Professora de Direito da UnP explica regras do benefício e destaca importância da presença paterna nos primeiros dias da criança
| Foto: Helena Lopes (Pexels) |
A chegada de um filho representa uma mudança na rotina familiar e exige dos pais tempo para adaptação, cuidados e organização da nova dinâmica da casa. Nesse contexto, a licença-paternidade vai além de um período de afastamento das atividades profissionais: trata-se de um direito trabalhista que também está relacionado à proteção da infância, à convivência familiar e à divisão das responsabilidades entre os pais.
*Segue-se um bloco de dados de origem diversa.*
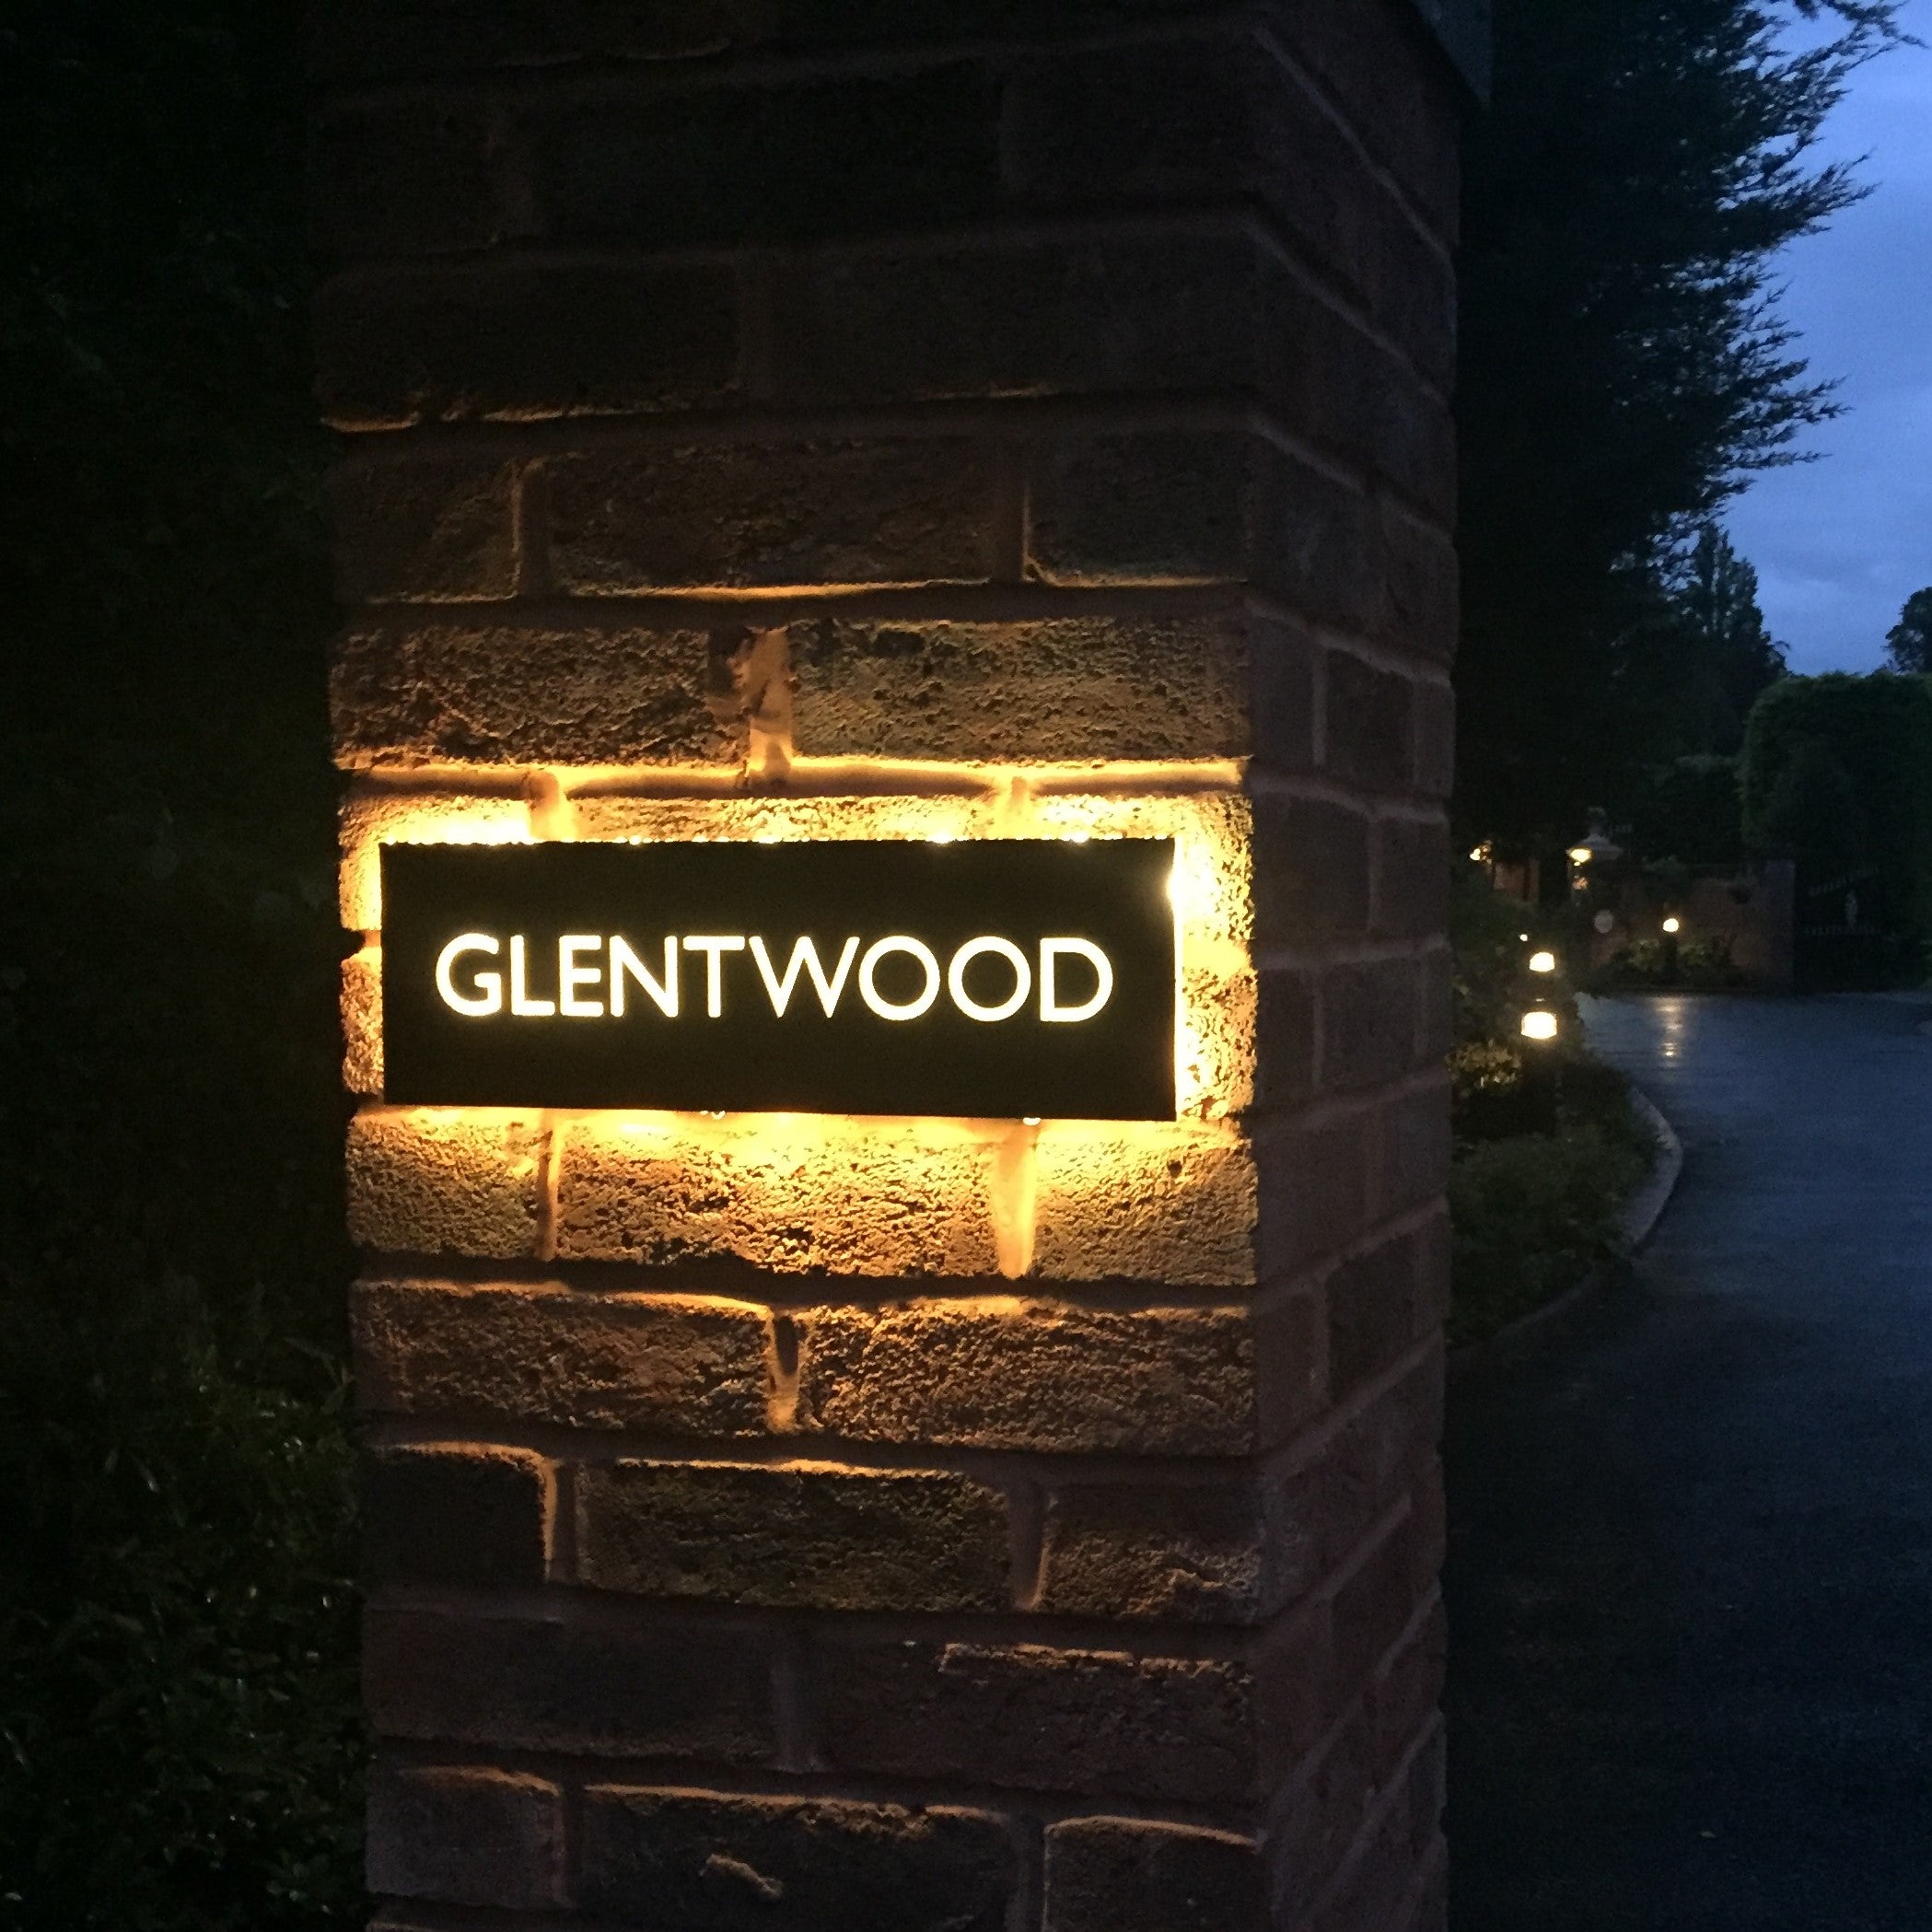 LED House Names, LED Signs, Light up Signs with LEDs, british made LED House signs. Light up your house with LED House Names made from premium steel in the UK. Address signs with LEDs, light up House Name  made from stainless steel or powder coated

Tina Moraes, advogada e professora do curso de Direito da Universidade Potiguar (UnP), integrante do maior e mais inovador ecossistema de educação de qualidade do Brasil: o Ecossistema Ânima, explica que a licença-paternidade possui previsão na Constituição Federal e é assegurada aos trabalhadores como um direito social. Atualmente, a regra geral estabelece cinco dias consecutivos de afastamento remunerado, contados a partir do nascimento do filho, da adoção ou da concessão de guarda judicial para fins de adoção.
“A licença-paternidade transcende a natureza de simples benefício trabalhista individual, constituindo uma garantia fundamental voltada à proteção da família e da infância. A Constituição Federal impõe como dever da família, da sociedade e do Estado assegurar à criança, com absoluta prioridade, o direito à vida, à saúde, à convivência familiar e ao cuidado”, explica Tina.
O benefício é assegurado aos trabalhadores contratados pelo regime da Consolidação das Leis do Trabalho (CLT), incluindo trabalhadores urbanos, rurais, avulsos e domésticos. Também contempla servidores públicos, conforme normas específicas, além de pais que adotarem uma criança ou obtiverem guarda judicial para fins de adoção.
Ampliação da licença-paternidade
Mudanças importantes estão sendo implementadas na licença-paternidade: A lei nº 15.371/2026, sancionada em março deste ano, criou o salário-paternidade, benefício de natureza previdenciária para trabalhadores fora do regime formal e segurados especiais, e estabeleceu uma ampliação progressiva do período de afastamento.
A partir de 1º de janeiro de 2027, serão 10 dias; em 2028, 15 dias; e, em 2029, a licença chegará a 20 dias. A duração de 20 dias, no entanto, está condicionada ao cumprimento de uma meta fiscal prevista na própria legislação. Até lá, permanece válido o modelo atual.
Em empresas participantes do Programa Empresa Cidadã, hoje o trabalhador pode ter a licença ampliada para 20 dias, mediante o cumprimento dos requisitos previstos. Com a atualização, o programa continuará prevendo uma extensão de 15 dias, além do período obrigatório estabelecido para o direito.
“Para que o trabalhador faça jus ao benefício ampliado, é indispensável que a empresa seja vinculada ao programa, que o empregado formule o requerimento formal no prazo de dois dias úteis após o parto e que comprove a participação em programa ou atividade de orientação sobre paternidade responsável”, esclarece a professora.
A legislação também prevê situações específicas de ampliação do período. Entre elas está o nascimento ou a adoção de criança com deficiência permanente decorrente de síndrome congênita associada à infecção pelo vírus Zika, hipótese em que o trabalhador pode ter direito a 20 dias de licença.
Direitos durante a licença
Durante o período de afastamento, o trabalhador com carteira assinada recebe o salário integral, sem descontos relacionados à ausência. “A licença-paternidade é considerada uma hipótese de interrupção do contrato de trabalho, o que significa que o período continua sendo contabilizado para efeitos legais, incluindo férias, previdência e recolhimento do FGTS”, explica a especialista.
Outro ponto importante é que o afastamento deve ser efetivo. Durante a licença, o trabalhador não deve exercer atividades profissionais, seja presencialmente ou de forma remota, já que o período é destinado à convivência e aos cuidados com o filho.
Presença paterna e divisão dos cuidados
Para Tina Moraes, a importância da licença-paternidade não está apenas na garantia de que o trabalhador possa se ausentar do emprego sem prejuízo salarial. O direito também possibilita que o pai esteja presente em uma fase de intensas mudanças para toda a família, representando um avanço na compreensão da parentalidade como uma responsabilidade compartilhada.
“Ao assegurar ao pai o tempo necessário para prestar apoio físico, psicológico e material à mãe durante o período pós-parto, a norma atua na redução das desigualdades de gênero no mercado de trabalho e na desconstrução de estigmas sociais”, afirma a docente.